Recently, phenelzine, desipramine, venlafaxine, bupropion, aripiprazole, and (S)-citolapram have been tested for this property also in isolated commensal bacteria. The results have shown that these drugs can inhibit the growth of phyla that are dominant within the human microbiota such as Bifidobacterium animalis and Bacteroides fragilis [109]. This work strongly suggests the capacity of antidepressants to act as antimicrobials also on beneficial microbes residing in the human gut.
It is known that the gut forms a two-direction communication system with the brain, forming the so-called “gut–brain axis”. Serotonin is a neurotransmitter whose concentration is fine-tuned in our body. Indeed, low levels of this neurotransmitter have been correlated with the development of depression, while high levels have been linked also to colitis [110,111]. The gut microbiota was implicated in regulating the levels of serotonin [110], and some of the microbes residing in the gut can produce serotonin (i.e., Lactococcus lactis subsp. cremoris, L. lactis subsp. Lactis, Lactobacillus plantarum, Streptococcus thermophilus, E. coli K-12, Morganella morganii, Klebsiella pneumonia) [110,112,113]. So far, the possibility that modifications of the gut microbiota could negatively influence serotonergic signaling has only been suggested in pre-clinical studies, as data from clinical trials are still very limited [110].
Moreover, it was reported that people suffering from depression frequently displayed an altered gut microbiota, with a decreased richness and diversity of species [114]. For example, Lin et al. showed that depressed patients display a different gut composition with more bacteria of the phylum Firmicutes, less Bacteroidetes, and more bacteria of the genera Prevotella, Klebsiella, and Streptococcus [115], while Naseribafrouei et al. showed that Bacteroidales are increased in depressed patients who have a decreased level of the Lachnospiraceae family (a more exhaustive list can be found in a recent review [116]). It was reported that the frequent use of antibiotics was correlated with an increased risk of developing depression or anxiety [65].
Probiotics have been recently tested to re-establish a healthy microbial status, due to their ability to balance the dysbiosis created under the depressive state [117]. As an example, the psychobiotic B. breve A-1 improved depressive symptoms in patients with schizophrenia [118], while a mixture of L. acidophilus, L. casei, and Bifidobacterium bifidum was beneficial on depressive symptoms [119]. At the moment, many psychobiotics, being them prebiotics, probiotics, postbiotics, and even single molecules involved in the gut microbial signaling, are being tested to identify any possible therapeutic benefits [116,120].
Previous reports showed that patients suffering from depression display microbial dysbiosis. As many of these studies were conducted in patients with depression, who were often being treated for it at the time of the analyses, more studies are necessary to describe the gut microbiome before and after medical treatments, so to understand if and how antidepressants could influence dysbiosis. Moreover, taking antidepressants could affect specifically those microbial strains able to produce serotonin, possibly adding a negative factor to the overall compromised health system, which is an extra factor to considered.
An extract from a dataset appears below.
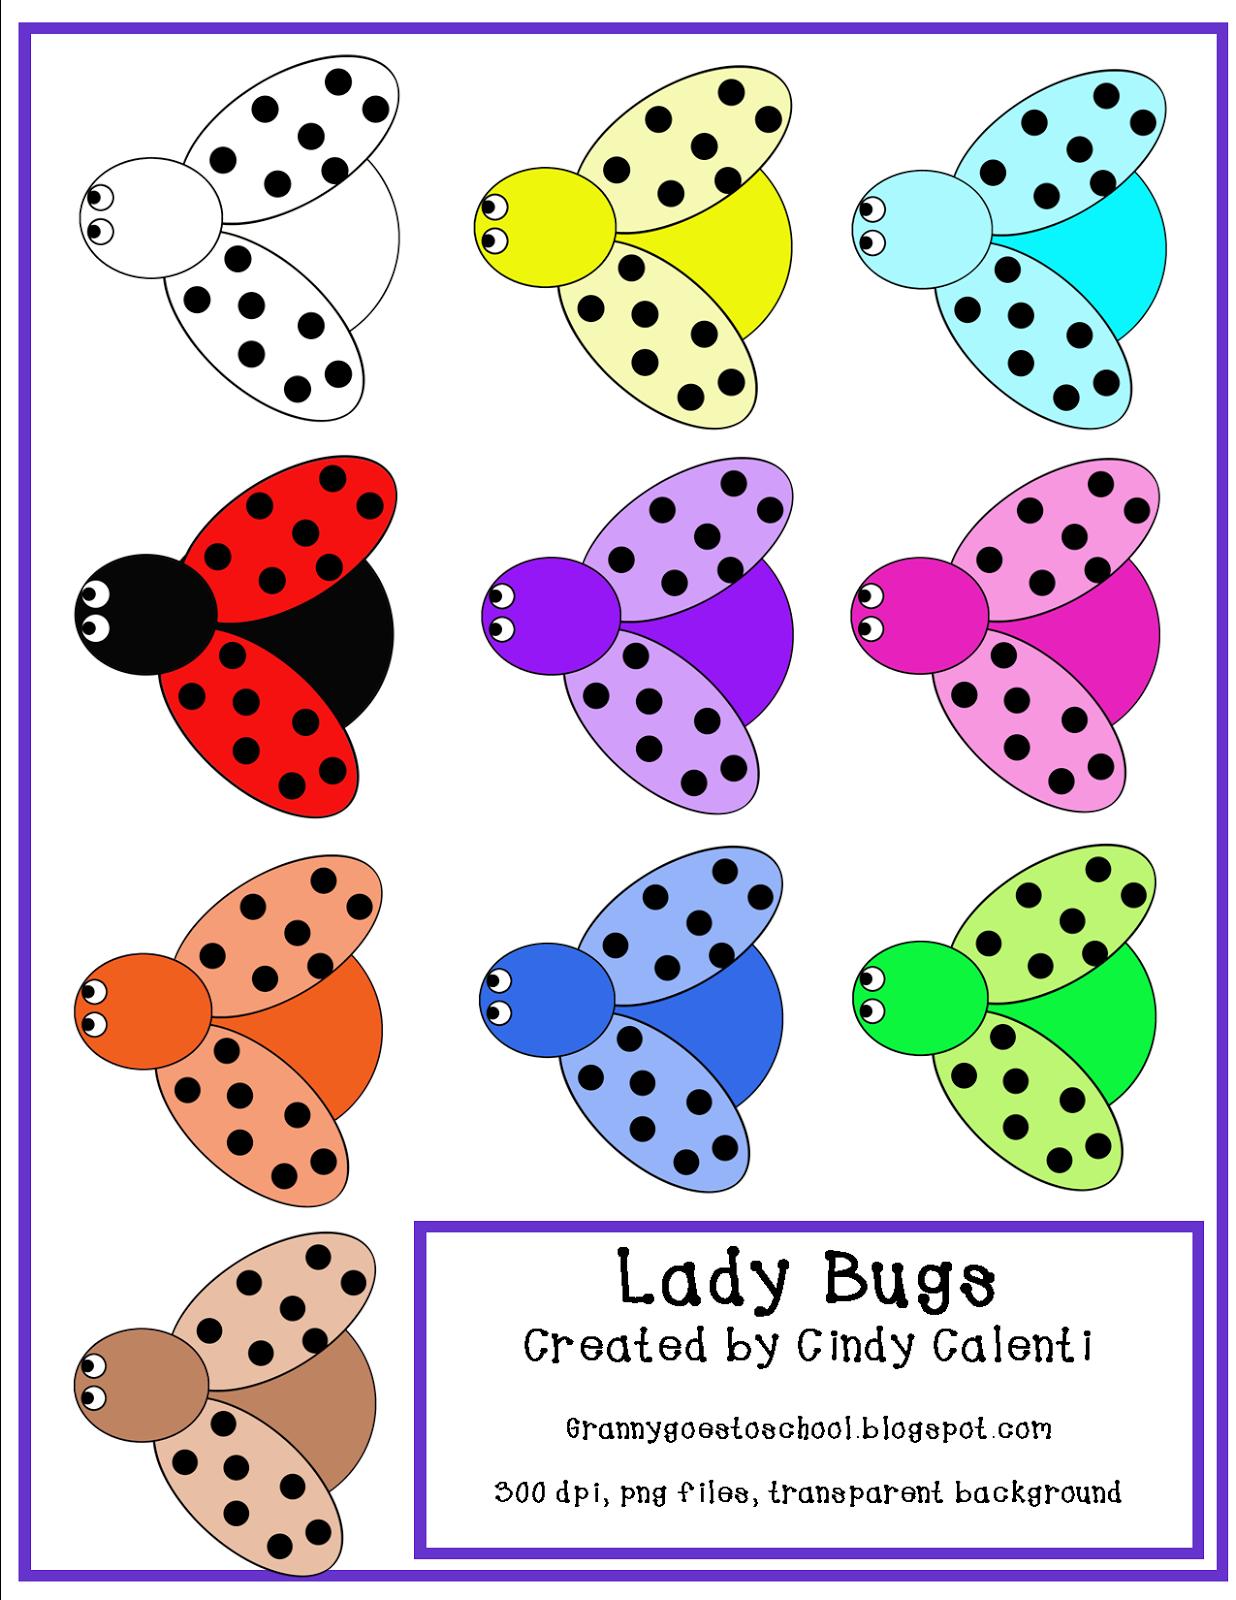 http://grannygoestoschool.blogspot.com/2014/08/lady-bugs-freeie.html

A recent hypothesis suggests that shifts in the gut microbial composition upregulate pro-inflammatory pathways leading to the worsening of depressive symptoms, a theory that implicates also the immune system in this complex balance [116].

8. Conclusions

The development of antibiotic resistance is a global threat. To try to solve this problem, new antibiotics or antimicrobials should be developed, a task that has to face many different challenges. As a complement to new drug discovery, drug repositioning could be investigated. In this review, the antimicrobial capacity of antidepressants and antipsychotics identified by different laboratories has been summarized. Many of these drugs have been found to disturb the integrity of the cell membrane, mitochondria activity, and critical Candida spp. virulence factors (i.e., hyphae formation, SAP, and phospholipase enzymes). Less is known on their effects on bacteria. The premises are encouraging; however, more aspects need to be investigated in depth before some of these drugs could be labelled as true antimicrobials. To reach this point, it will be necessary to:
  • Clearly identify the microbial molecular target(s) of each potential new drug, especially in bacteria
  • Describe the connection between the administration of these drugs and their influence on the gut microbiome, after a short and/or prolonged administration, and in the frame of the gut–brain axis
  • Pinpoint the concentration at which these molecules would be active as antimicrobials, a parameter that should be equal to, or even lower than, the one used to treat the original disease
  • Identify new uses, such as investigate the possibility of topical application
  • Test whether, when combined with other known antimicrobials, they potentiate the overall effects of the latter and at the same time, allow lowering antimicrobials’ global concentration and their possible correlated toxic effect
  • Better understand which of these drugs may have an acridine-like effect on DNA and which are more active at the level of mitochondrial functions.

Author Contributions

Conceptualization, M.C. and N.M.; writing—original draft preparation and editing, M.C. and N.M.; funding acquisition, N.M. All authors have read and agreed to the published version of the manuscript.

Funding

This research received funding from CINSA (Italian National Interuniversity Consortium for Environmental Sciences).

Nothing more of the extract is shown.